You see, you’re assuming that I, in some way shape or form, enjoy this behavior. I don’t. Not at all. Doing what I do and feeling what I feel is like a ball and chain around my neck that I can’t ever take off. It’s a huge weight on me all the time. By suggesting that I branch out and take this behavior outside of my home, you’re essentially implying that I should give up the only small sense of freedom that I currently enjoy, because when I am able to step out of my home, I am also able to breathe and relax.

Which brings me to my next point:

Stop apologizing for the condition of your own home when I walk through the door. Okay, so your place is a little messy. So what? Are you honestly under some false assumption that this will cause me to freak out to the point that I’m hyper-ventilating into a paper bag while I stand in your living room?

To be honest, your mess is like a breath of fresh air to me. I’m living vicariously through your stacks of junk mail piled up on the kitchen table and the dust across the top of your entertainment center because I can’t be that way but wish I could.

You wouldn’t know it though, because you won’t come to my house.

For different reasons, people are terrified of visiting my home. This is either thanks again in part to my husband spreading the word about my anxiety disorder, or the fact that I will bend over backward to over-correct my nervousness when we have visitors so that maybe people won’t notice it. Then, my obsequiousness just scares people, so I can’t win either way.

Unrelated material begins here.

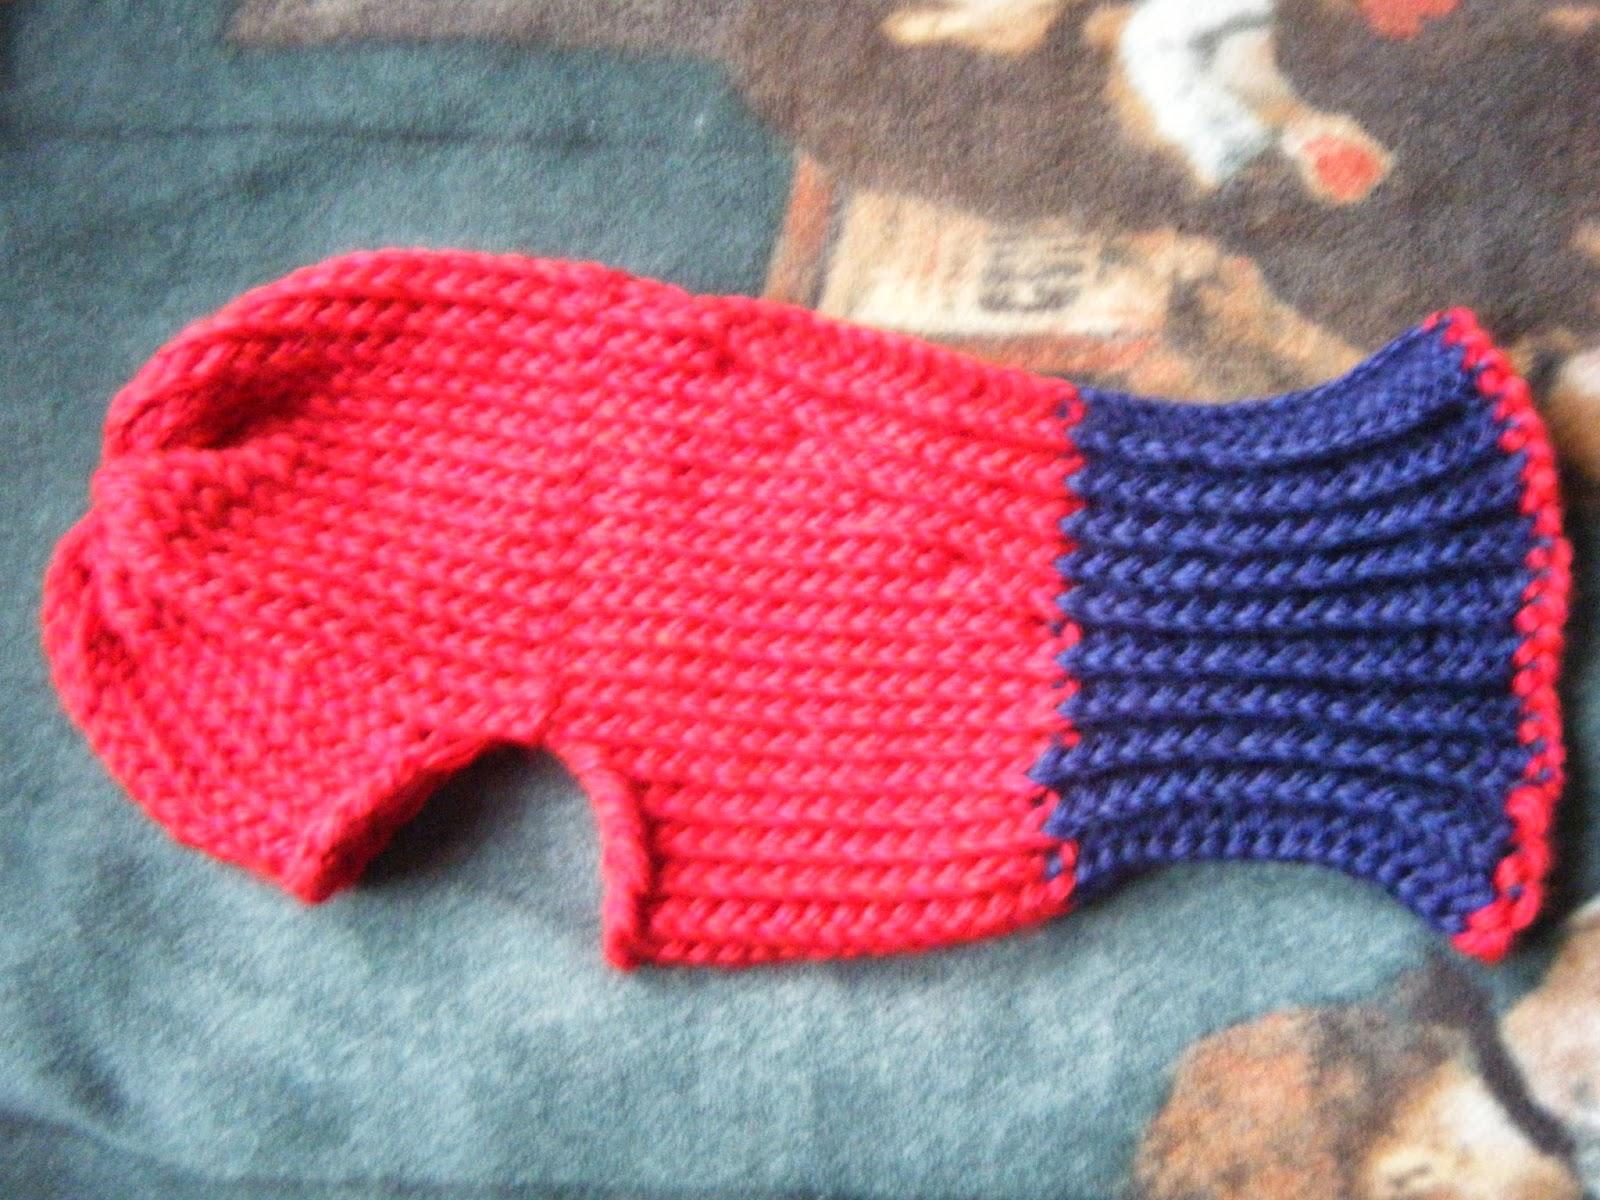 Ski Mask Knitting Pattern : The Loom Muse : Ski Mask

My in laws won’t visit because I make them uncomfortable. My family won’t visit, either. I can honestly admit that it hurts worse knowing they won’t come, than it would working through my anxiety with a house full of people. It makes me feel somewhat unloved when those closest to me refuse to help me get better at the risk of their own discomfort, or mine. Isn’t family supposed to be there to help us work through our issues?

This is why I adore my best friend. She’s the only one that seems to get this. Maybe it’s because she herself suffers from Bi-polar disorder, so we’re kind of like 2 screwed up peas in a pod. She will make the 5 hour pilgrimage from her house to mine occasionally, and I love her for loving me enough to stay with me despite my issues. She knows all about my anxiety, and guess what? If she sees me get nervous, she’ll talk me through it. That’s a true friend. Other than her and my husband, I don’t seem to have many of those, but not for lack of wishing there were more. People that understand are hard to find.

So I say this to those who don’t know how to handle a person with a mental disorder:

You can get to know us. We don’t bite. We’re honestly not all that different from you, we just have heightened emotions at times, and tend do things that others might not consider to be normal. Then again, who’s to say what genuinely defines normal?

We are who we are. People, just like you. Your perception of us won’t change a thing.